[Opening Data in this exercise section]

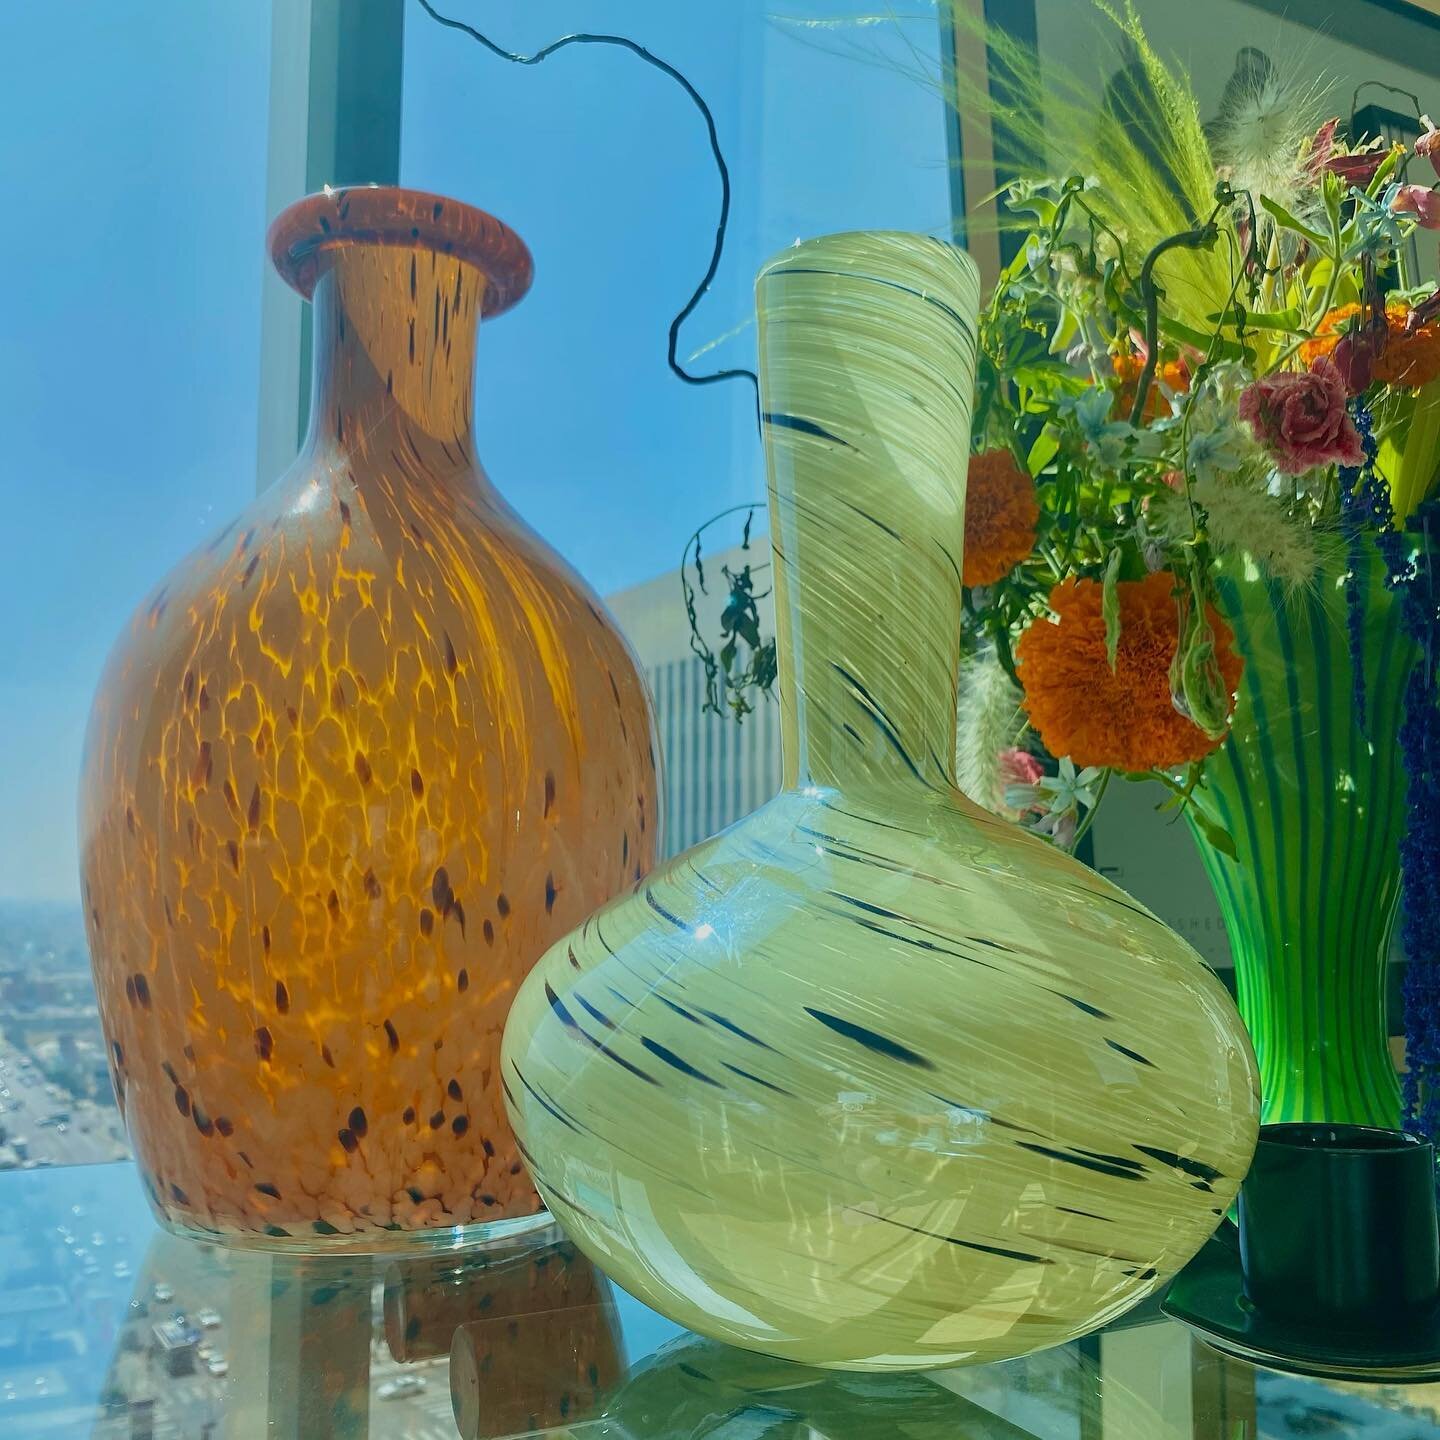 Gorgeous glass Murano style vases. Obsessed with the natural light coming through these colors 😍

Orange vase: $120
Green vase: $100
White vase: $85

Free pickup or delivery for a fee 

#muranostyle #vase #vintagevase #muranoglass #muranoisland #ven

[Closing Data in this exercise section]

• What you will do:
Could you repeat the entries word for word, skipping the pictures they contain?

• Your solution:
 Gorgeous glass Murano style vases. Obsessed with the natural light coming through these colors 😍

Orange vase: $120
Green vase: $100
White vase: $85

Free pickup or delivery for a fee 

#muranostyle #vase #vintagevase #muranoglass #muranoisland #ven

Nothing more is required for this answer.